Reproduce the listing below word for word, with no pictures.

### DATA BELOW
-------------------------
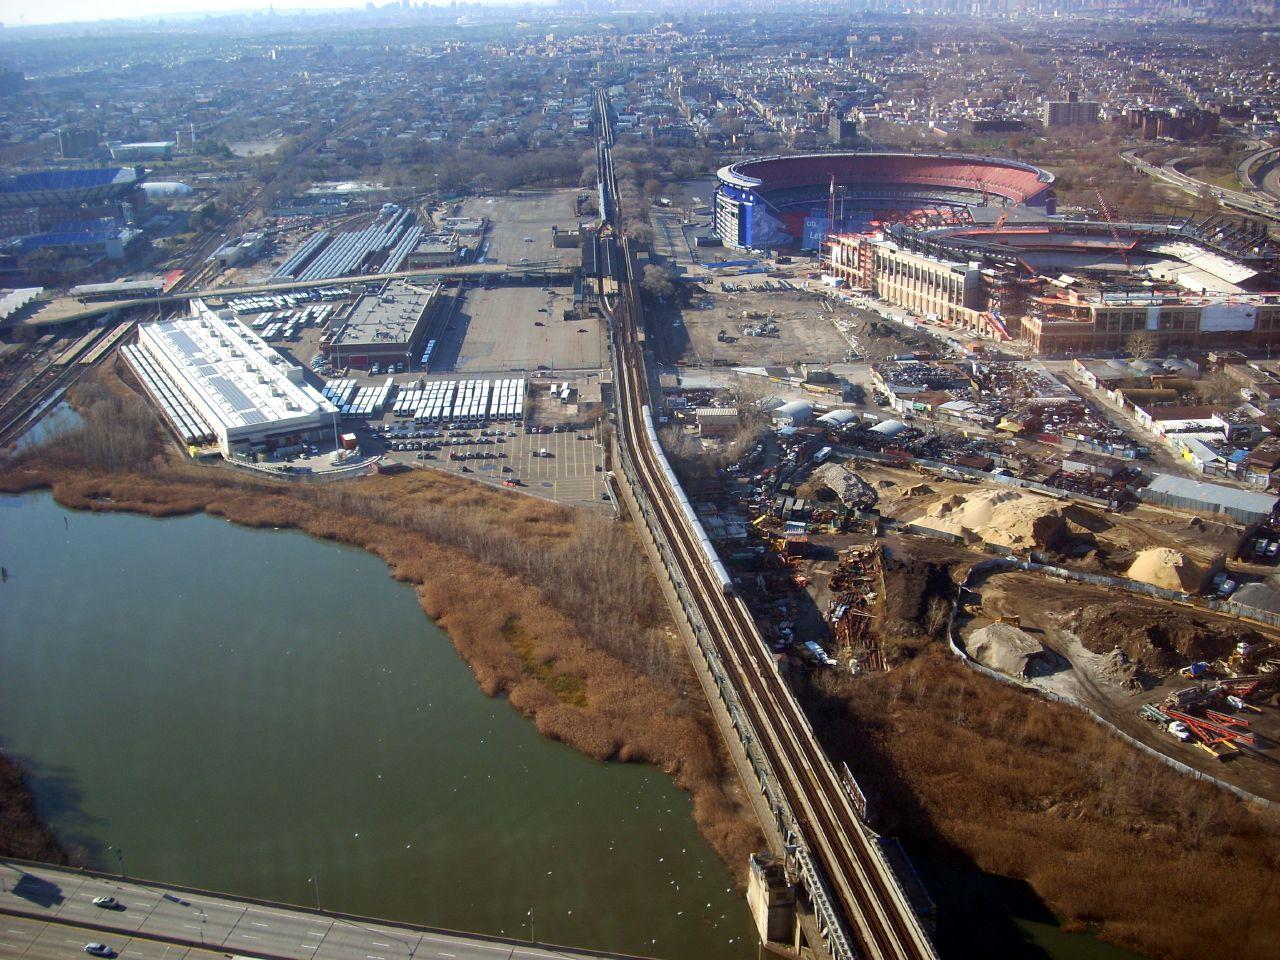 Citi Field - Nuevo Estadio de los New York Mets (2009) - Página 2 2138524250_785e818781_o
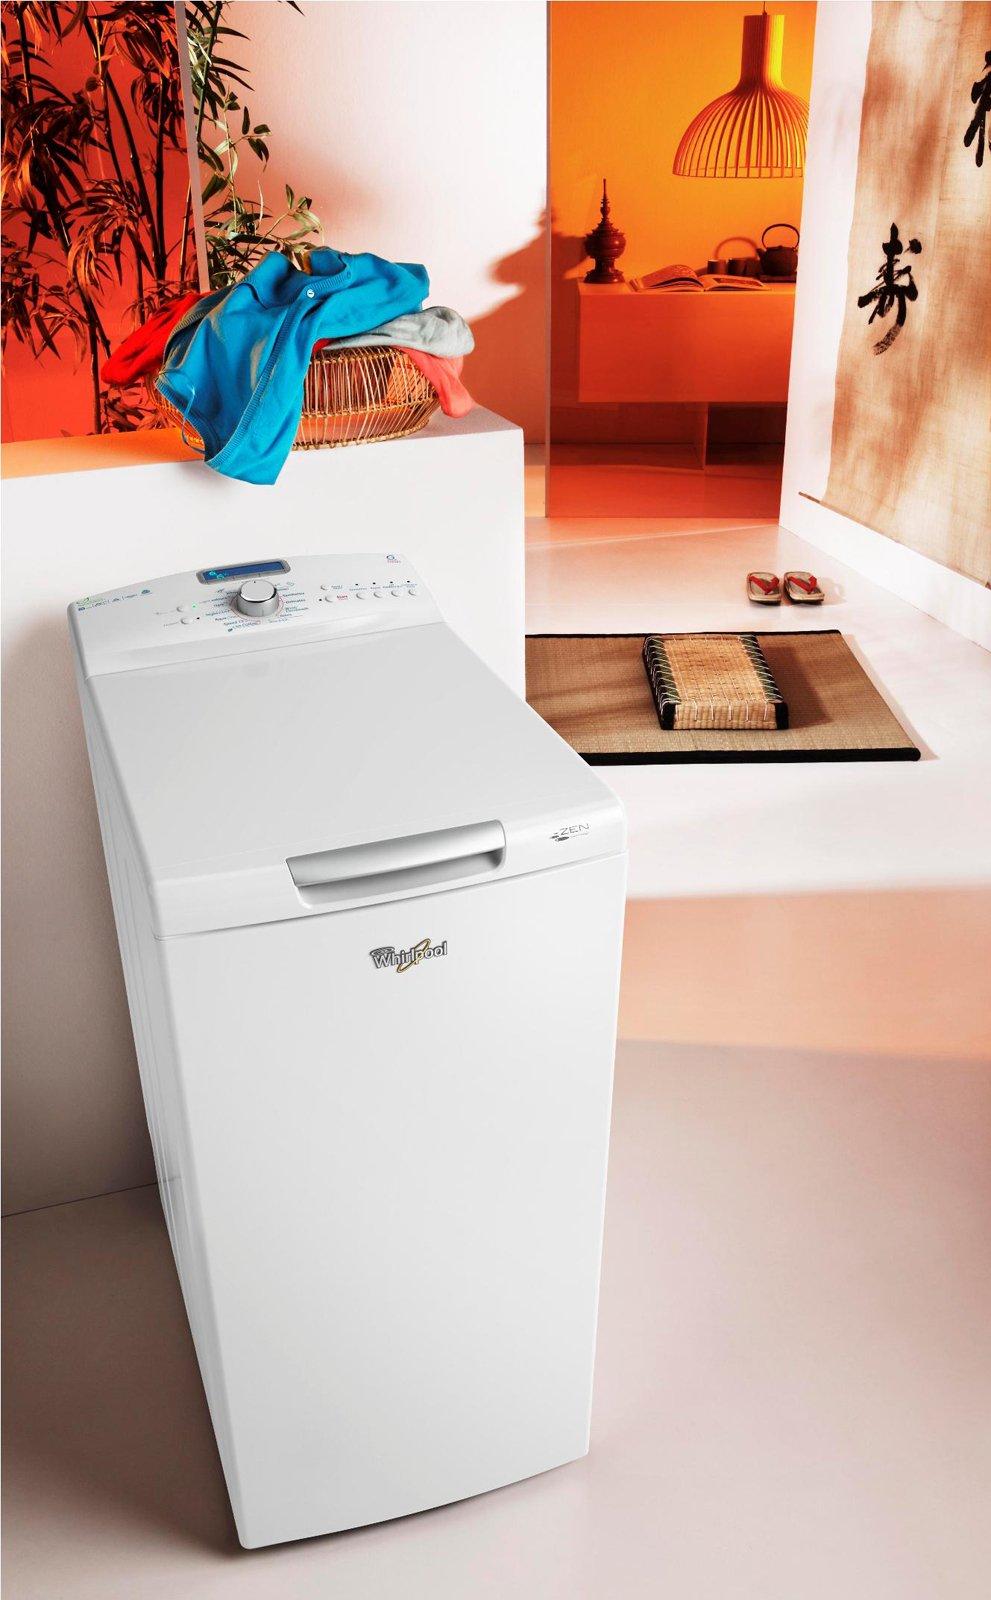 Lavatrici il modello giusto per ogni esigenza cose di casa - Lavasciuga piccole dimensioni ...
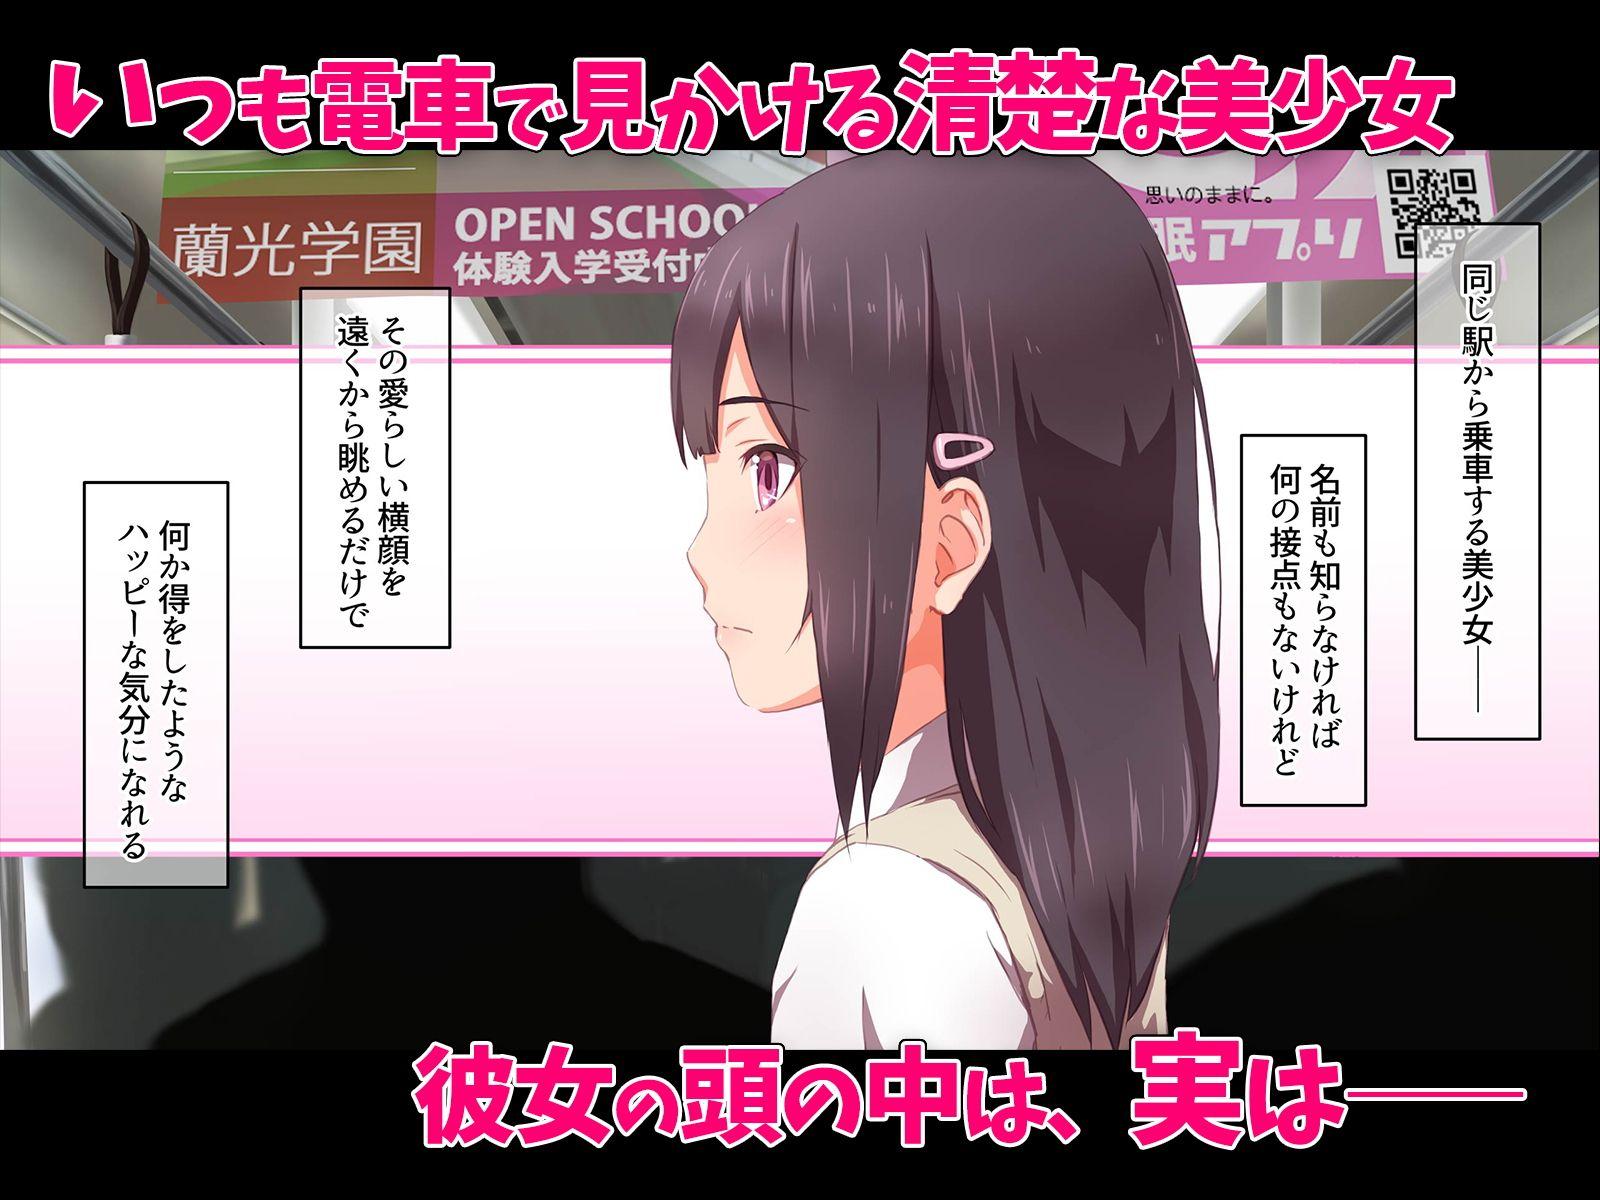 純真処女梓希の発情 【作品ネタバレ】
-------------------------
### SOLUTION BELOW
 Citi Field - Nuevo Estadio de los New York Mets (2009) - Página 2 2138524250_785e818781_o
 Lavatrici il modello giusto per ogni esigenza cose di casa - Lavasciuga piccole dimensioni ...
 純真処女梓希の発情 【作品ネタバレ】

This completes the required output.